**EXERCISE PROMPT**
Leaving the pictures aside, transcribe the data below exactly.

**SUPPLIED DATA**
★ ★ ★ ★ ★
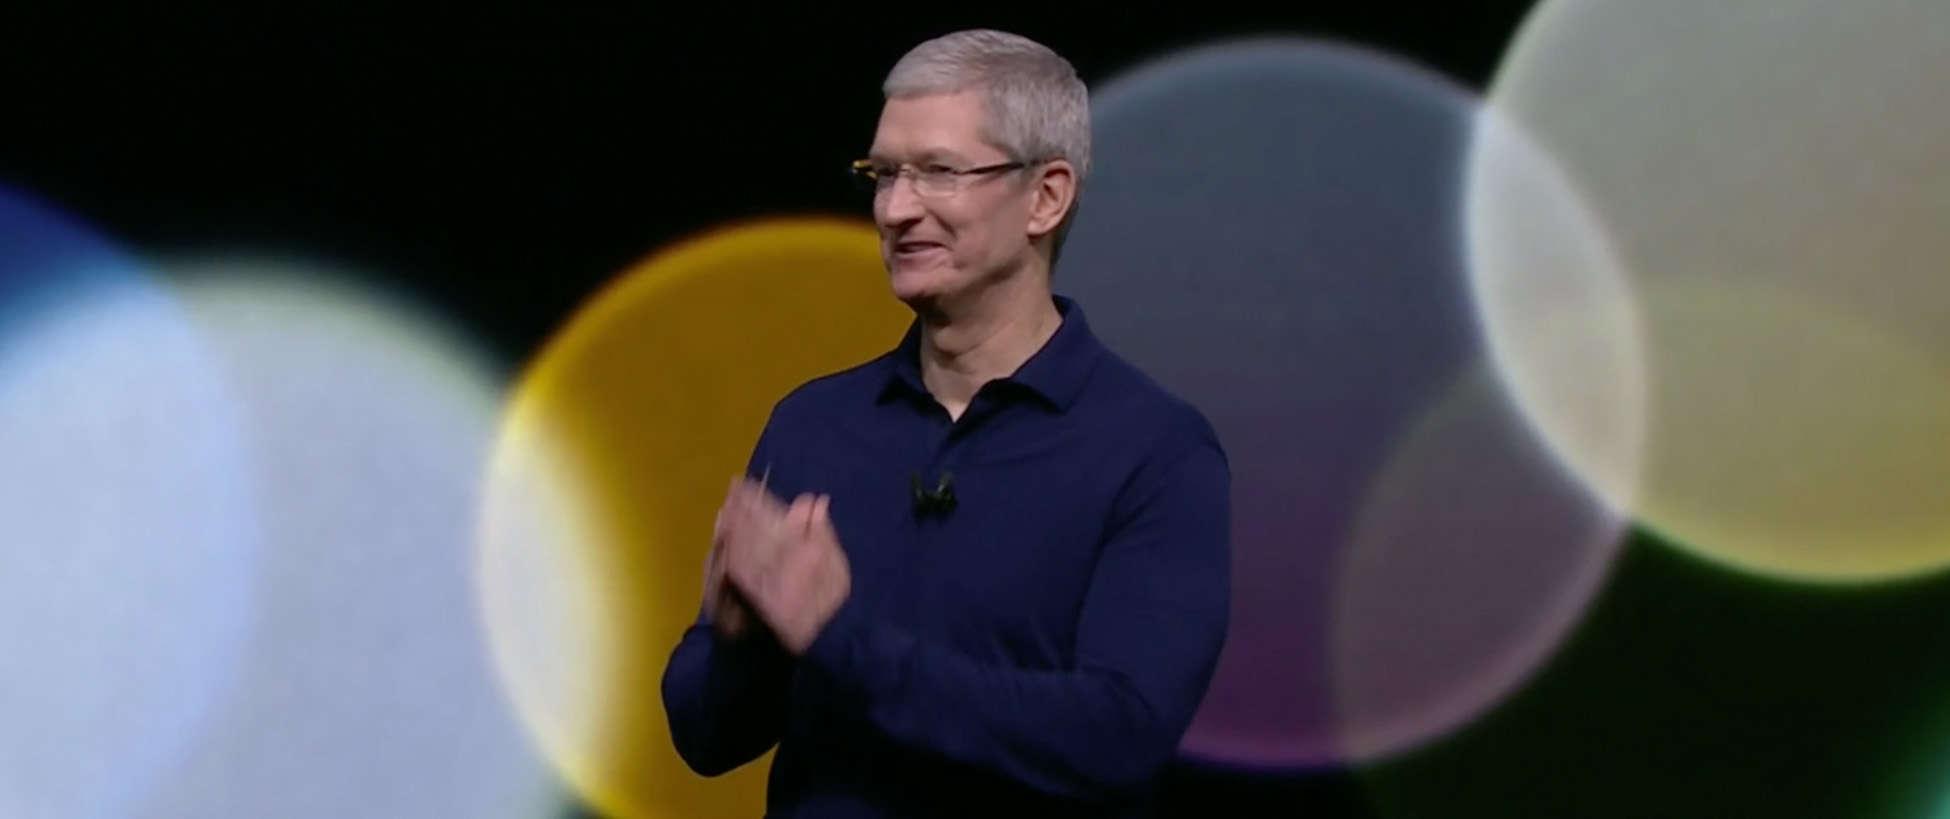 Tim Cook iPhone 7 event
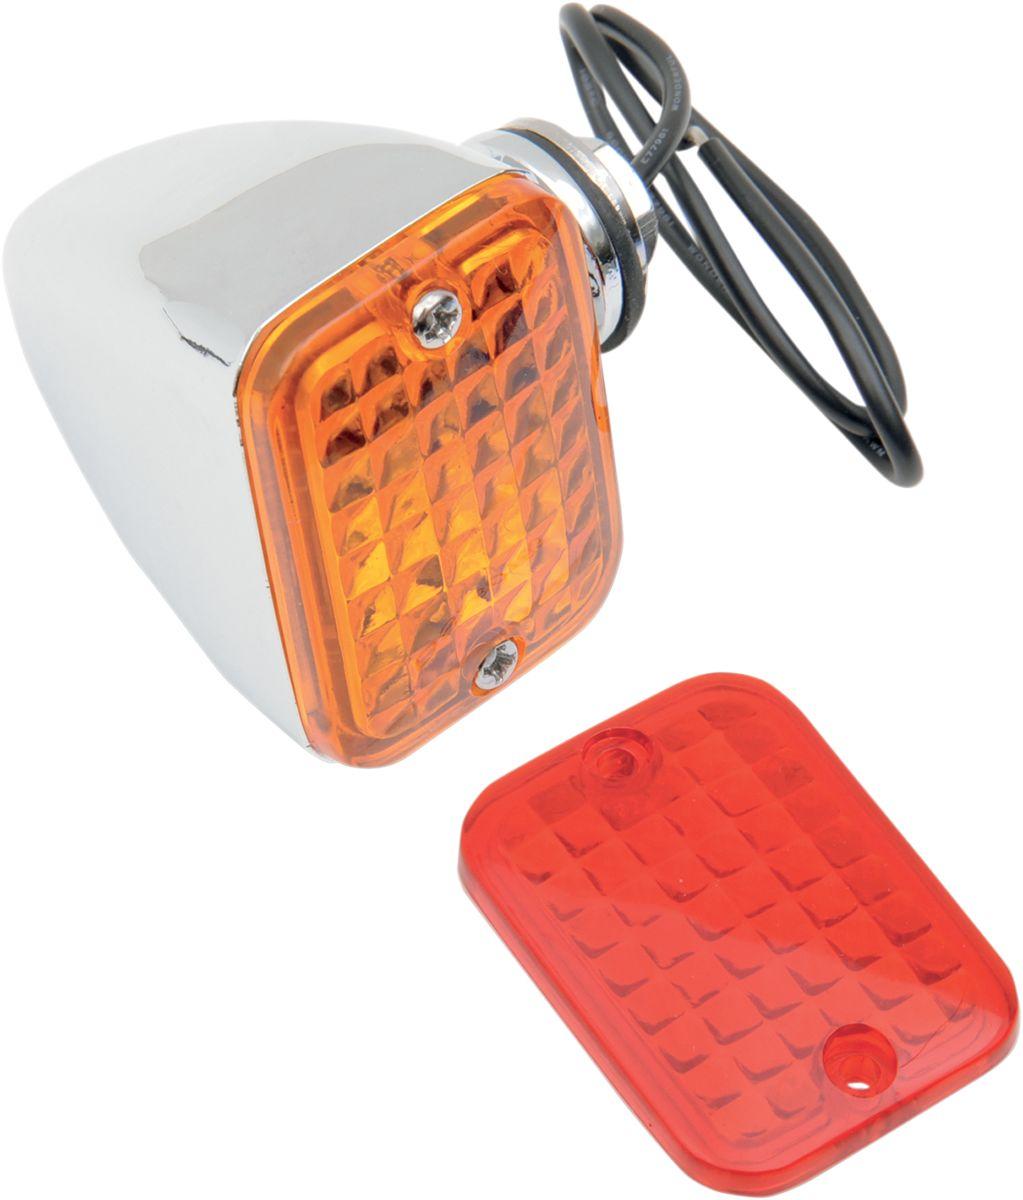 【Drag Specialties】位置燈/單 FIL 【LIGHT M/MARKER SINGLE FIL [DS-280163]】 - 「Webike-摩托百貨」
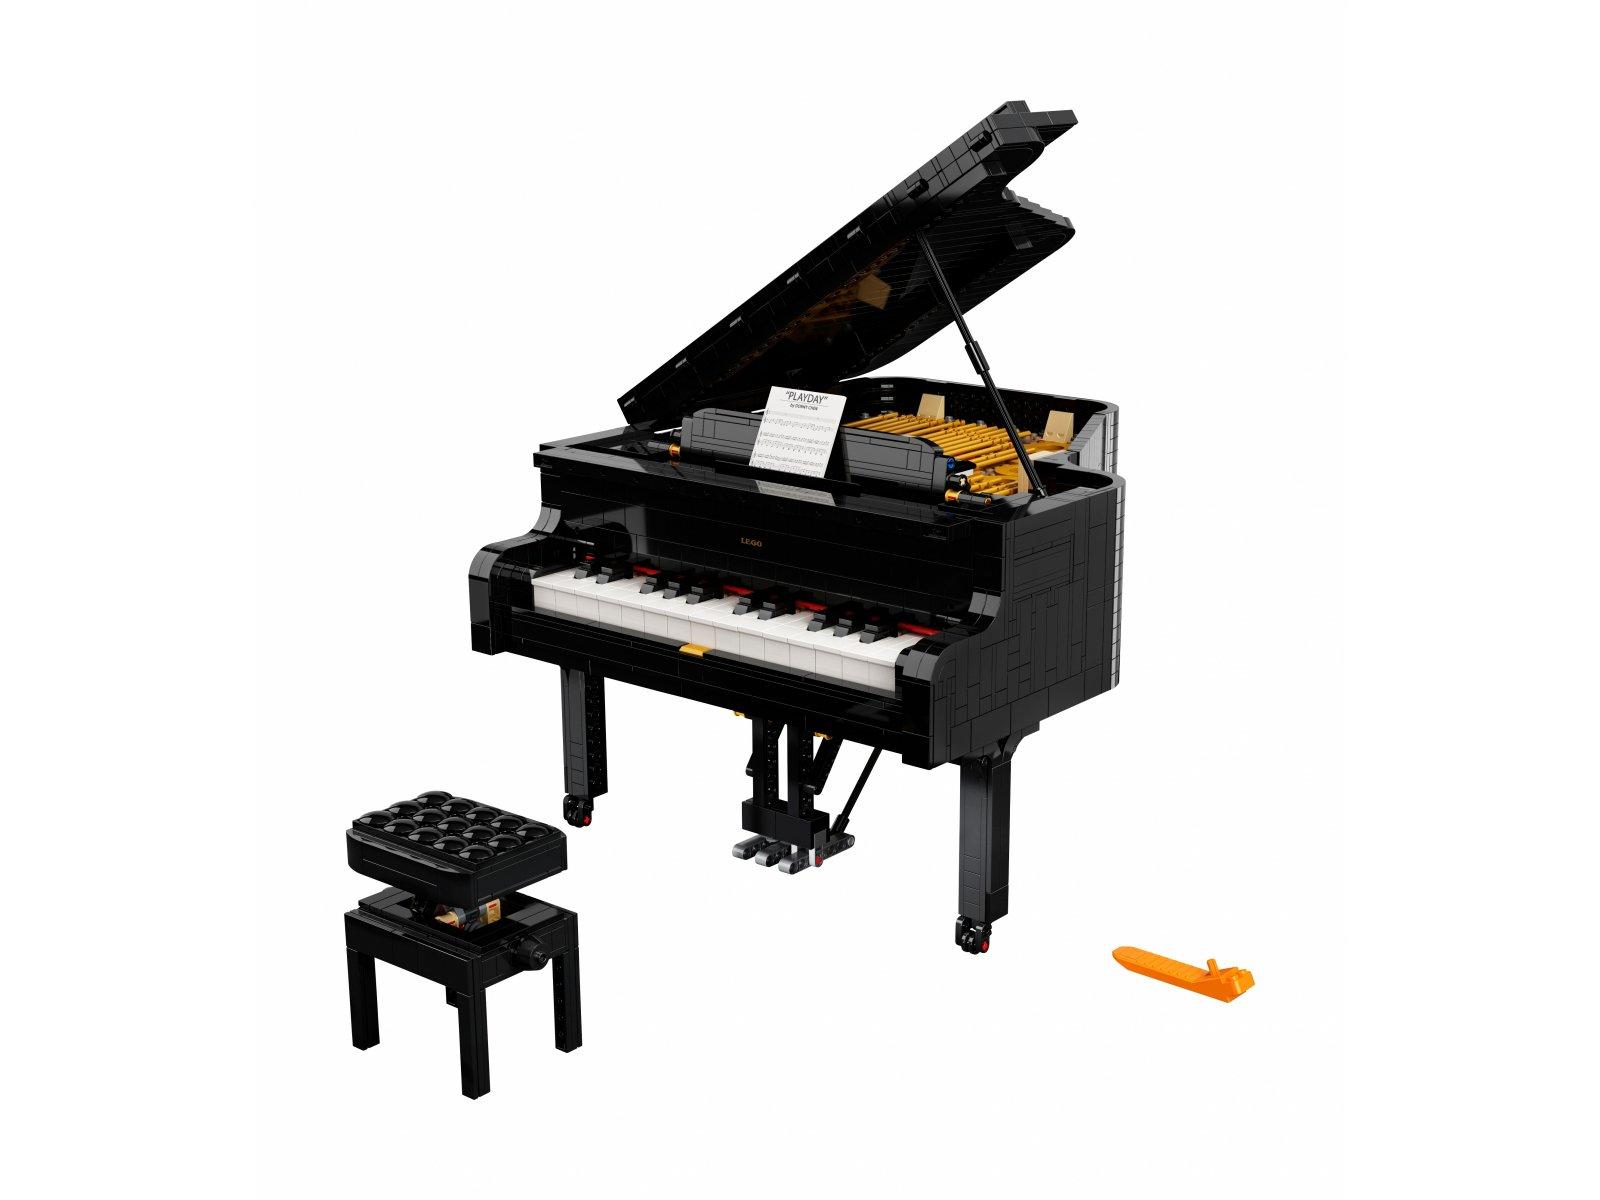 LEGO Ideas Fortepian 21323
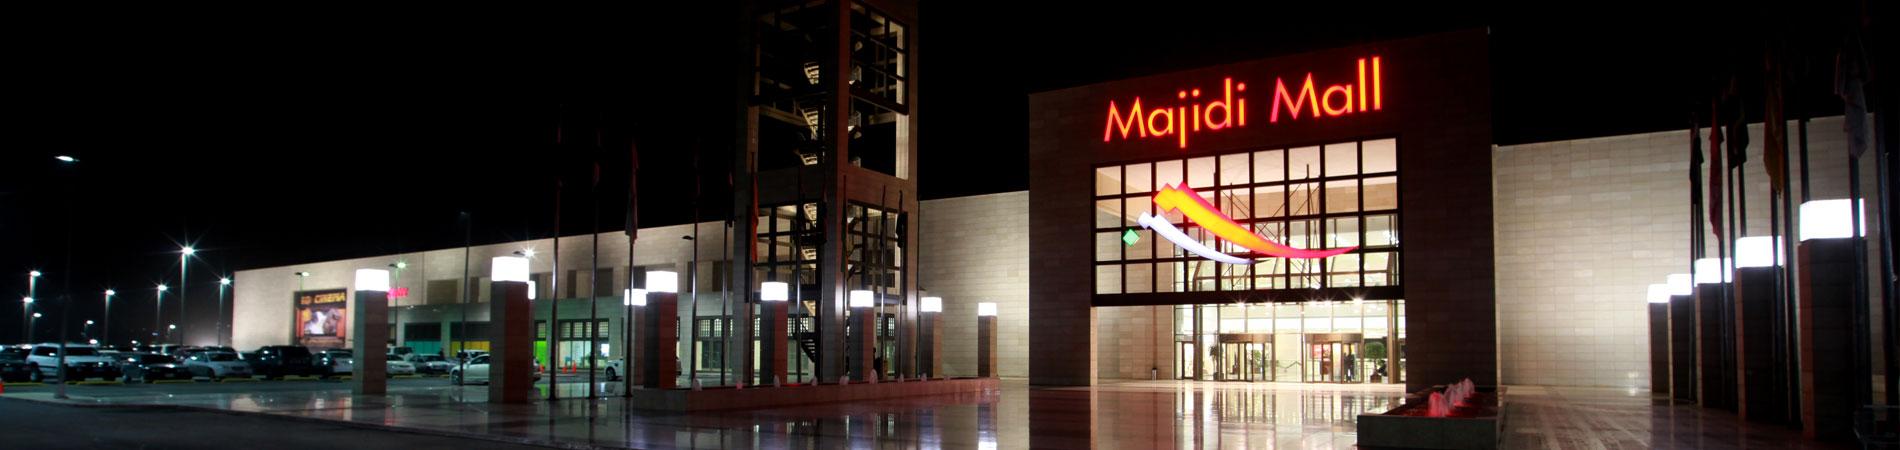 Majidi Mall (Shops)
★ ★ ★ ★ ★
**OUTPUT BELOW**
 Tim Cook iPhone 7 event
 【Drag Specialties】位置燈/單 FIL 【LIGHT M/MARKER SINGLE FIL [DS-280163]】 - 「Webike-摩托百貨」
 LEGO Ideas Fortepian 21323
 Majidi Mall (Shops)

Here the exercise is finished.